Wesfarmers loses $ 1 billion in UK Homebase deal

An untimely bet on UK retail cost a major Australian company $ 1 billion.

Wesfarmers (WFAFF) noted She was selling UK home improvement chain Homebase on Friday at a huge loss, just over two years after buying it.

Wesfarmers – which owns supermarkets, hotels and chemical factories – paid £ 340million (around $ 470million at the time) for Homebase in February 2016. It is now offloading it for a “nominal amount” to Hilco Capital, an investment firm that specializes in restructuring distressed businesses.

Wesfarmers chief executive Rob Scott admitted during a briefing with reporters and analysts on Friday that the disastrous foray into UK retail had cost him around A $ 1.3 billion (1 billion dollars) when all of Homebase’s losses were added up.

Scott blamed the declining retail sector in Britain.

“From the time we bought Homebase to where we are today, there has been a dramatic deterioration in the macro and business environment in the UK,” he said.

Bricks and mortar UK retailers struggled since the country’s vote for leave the European Union almost two years ago.

The British pound fell dramatically in the wake of the vote, making it more expensive for retailers to buy goods overseas. This translated into higher prices for consumers, and growth across the economy collapsed.

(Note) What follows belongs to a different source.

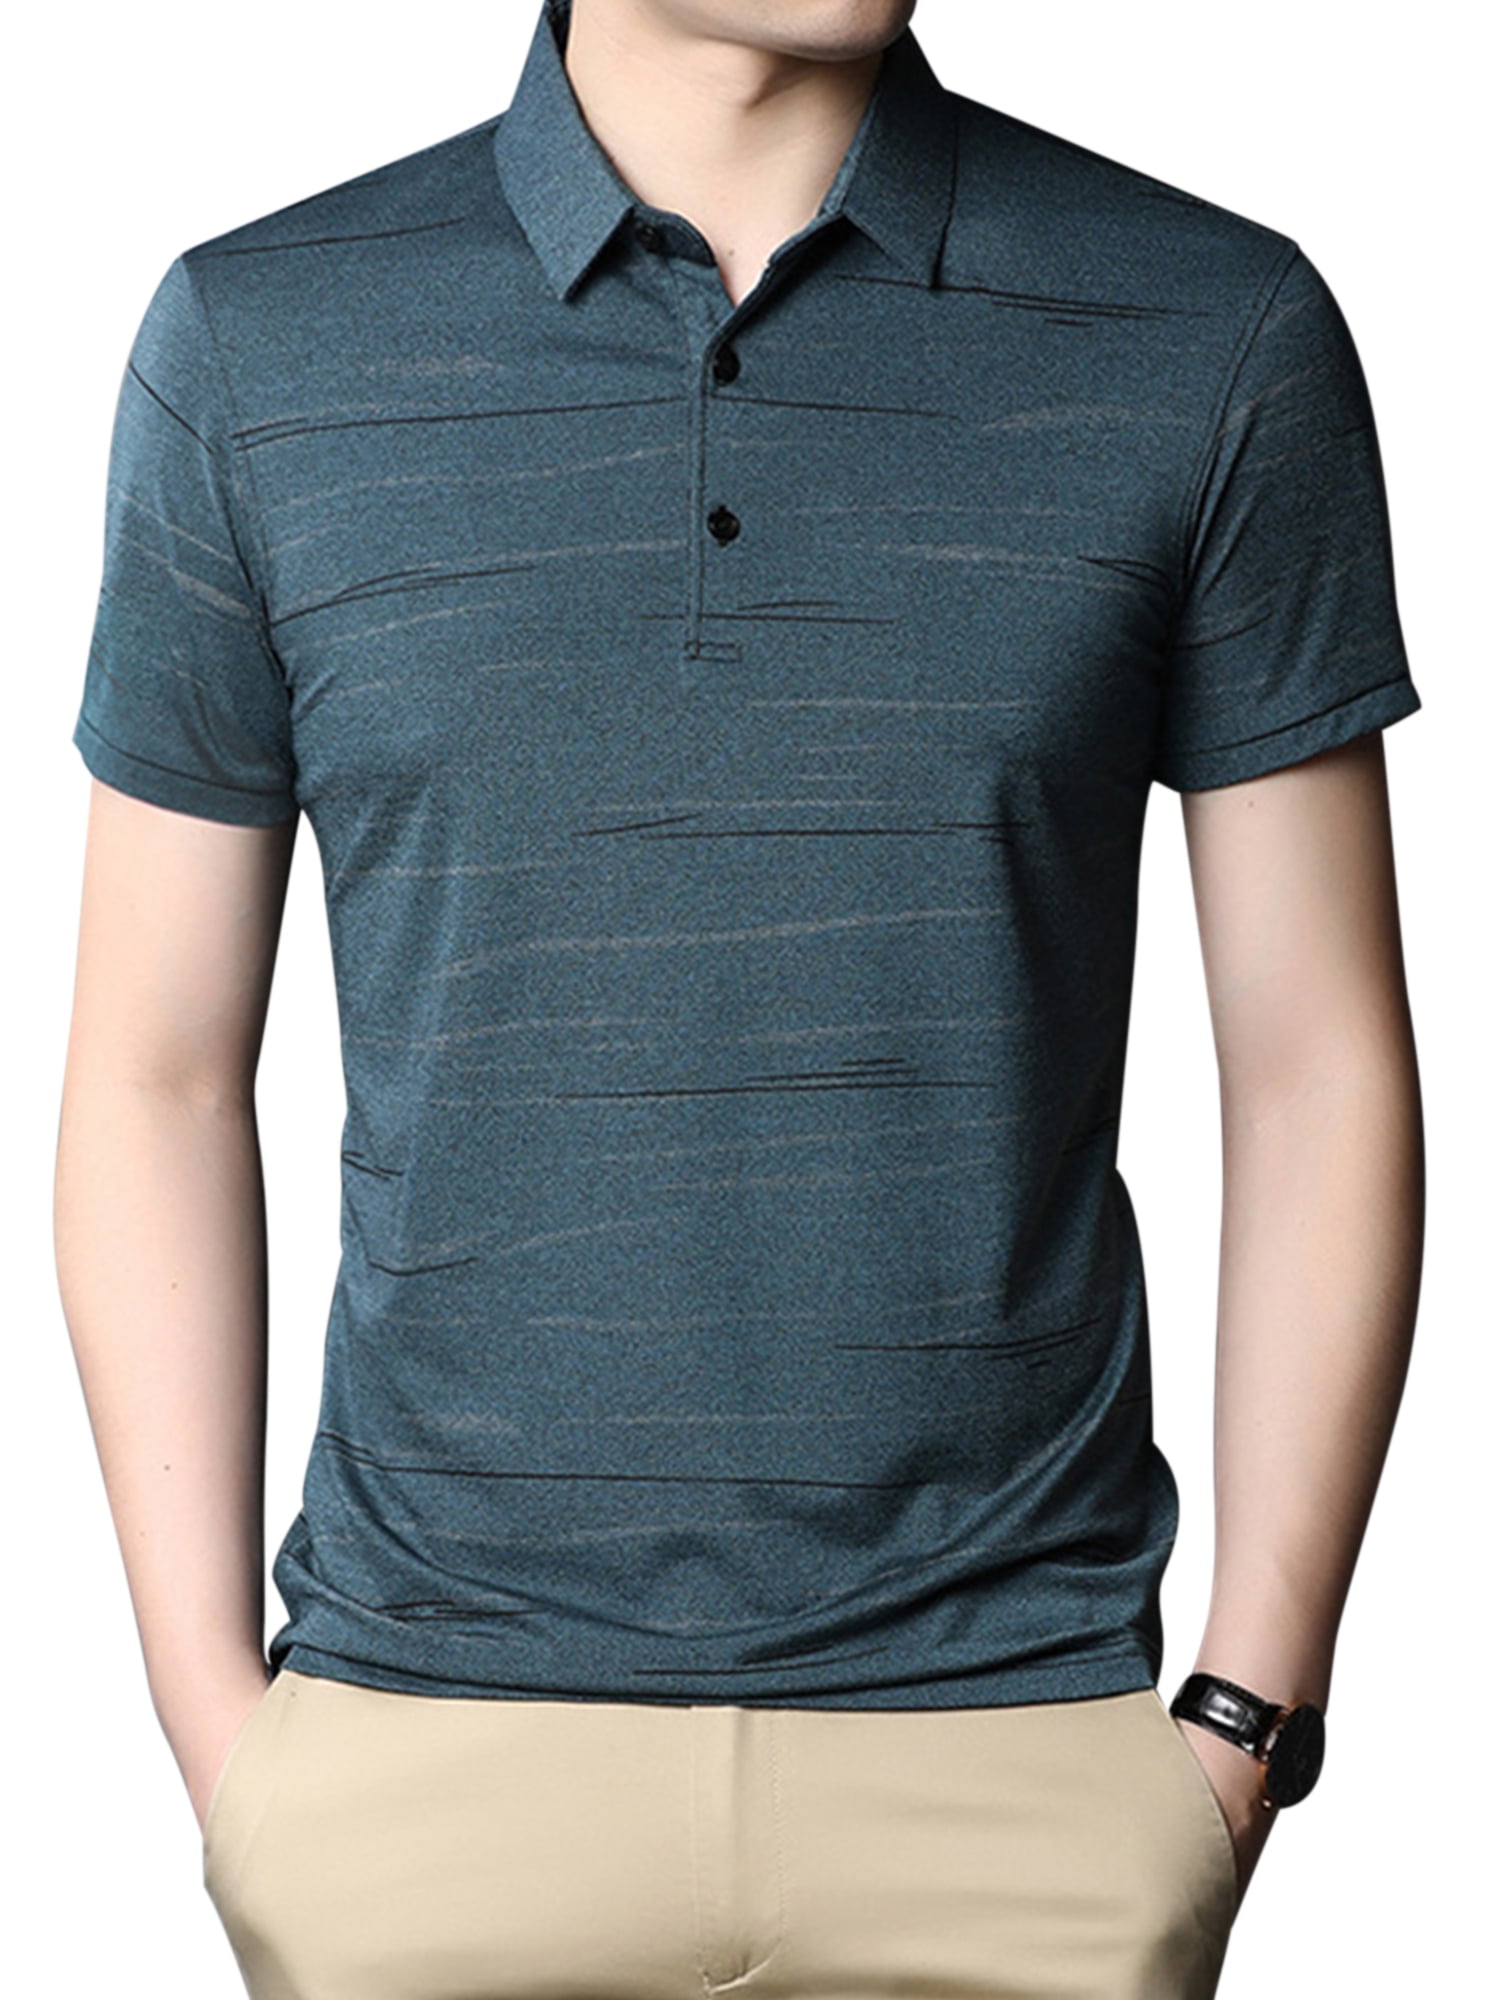 Mens Boys Plain Pique Polo Shirt Short Sleeves Top Men's Casual Regular T-Shirt

Related: UK Economy Shuts Down

The industry has been rocked by the collapse of names known as Toys “R” Us and Maplin electronic chain, and thousands of retail jobs have been lost.

Homebase currently has around 230 stores across the UK and employs 12,000 people.

RESTRICTED base store

But some analysts have accused Wesfarmers of failing to properly assess the risks before entering the UK market.

In a conference call with executives at the Australian company on Friday, Bank of America analyst Merrill Lynch David Errington called Homebase a “very bad investment” and called for the Wesfarmers board to be held. responsible.

“There must be penalties for losing such an amount of money in such a short time,” he added.

In response, Scott said the company has been transparent about issues with the deal and that managers’ compensation will be affected by the losses.

The company admitted in its statement that the “poor execution” of the Homebase deal was a key part of the problem.

Wesfarmers might at least have the opportunity to recoup some of their losses someday. The deal with Hilco Capital includes a clause whereby the Australian company receives 20% of any proceeds from a future sale of Homebase.

– Ivana Kottasová contributed to this report.